Gates discovered that most of the energy in the winter came from sunlight filtered through the cloud cover. Using this knowledge, Gates builds his sunspaces with low-pitched roofs and glass panels aimed up at the clouds instead of tilted toward the winter sun. These glass roof panels do lose heat once the sun goes away, so Gates’s latest design combines uncoated glass panels with insolating covers. “In cold weather, the covers are closed at night to hold heat in,” he explains. “On hot days, these covers are down when the sun is out to prevent overheating.” Proper design can minimize the common problem of sunspaces getting too hot or too cold.
Scott Felsher with Rainbow Valley Design and Construction has also worked on sunrooms. One award-winning project was a sunroom and entry addition on a coastal cabin in Yachats. The house was built in the 1940s and didn’t have a lot of windows, and its ceilings were low and made of dark wood. “The client came to us wanting an entry and a place where there would be more sun and a view out to the river to the coast,” Felsher says.

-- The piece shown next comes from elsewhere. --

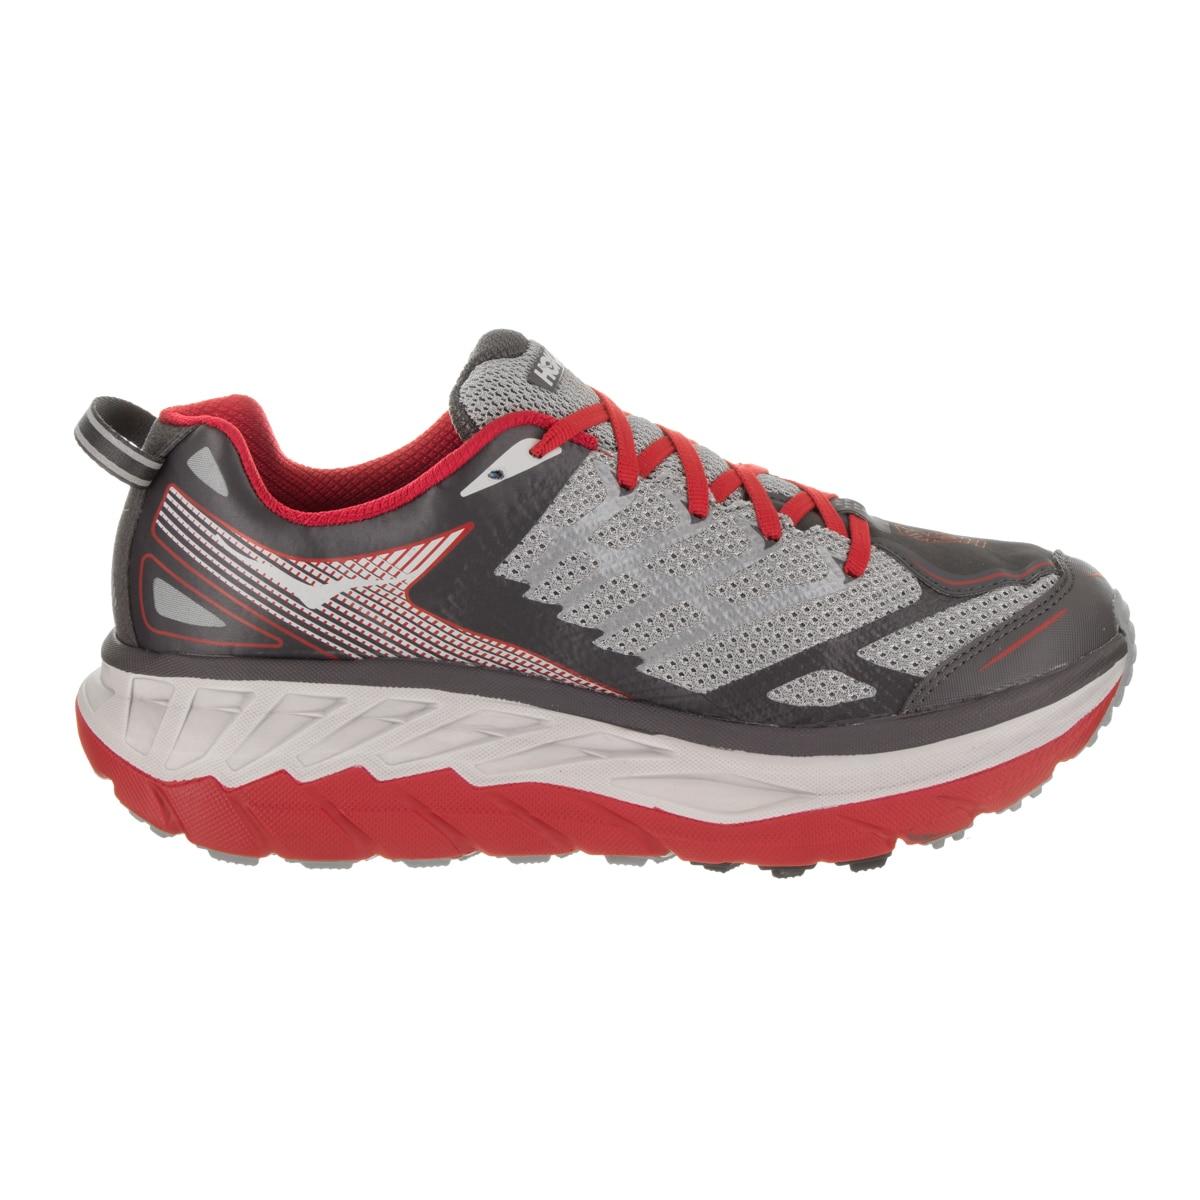 5b50977eae60 Shop Hoka One One Men s Stinson ATR 4 Red Grey Running Shoe - Free Shipping  Today - Overstock.com - 16839234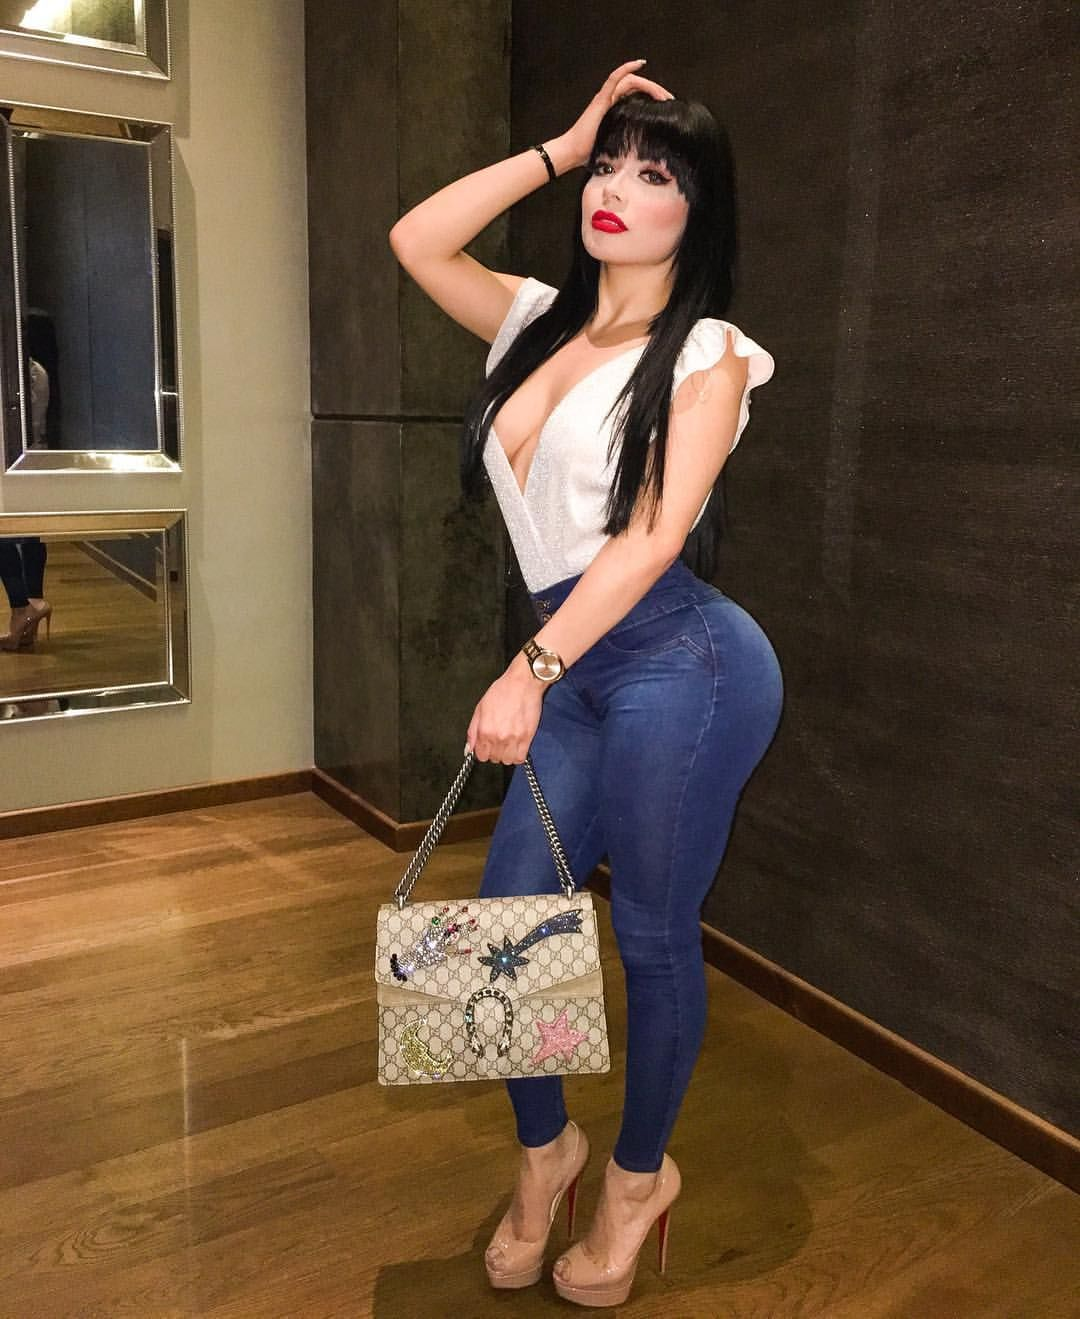 Celebrity Tracy Saenz naked (12 photos), Pussy, Paparazzi, Feet, butt 2019

Many houses are not designed with outward views in mind, or with letting in natural light. “Given that we live in Oregon, where it’s gray nine months out of the year, it’s a common problem,” Felsher says. If you design the right add-on, “it’s also an opportunity on the nice days to get a bit of heat.”
As with any addition to your home, Felsher advises finding a sunspace designer who is familiar with the climate and sun angles in your area, and is knowledgeable about how to best orient the room. “We have programs that we can calculate sun angles for any day of the year, so we know the right size overhang to block the sun during the summer,” he says. It is also important to make sure the addition blends into the house and makes architectural sense. Most of Felsher’s clients want their sunroom to look like it has always been there.
According to Gates, an ideal sunspace should be on the south side of the home and have large doors that can be opened or closed, depending on the weather. “A well-designed space can provide much of the winter heat for your home and, when conditions are right, will feel like a tropical vacation away from our long gray winters,” he says.
Ken Gates Construction
Rainbow Valley Design & Construction
785 Grant St.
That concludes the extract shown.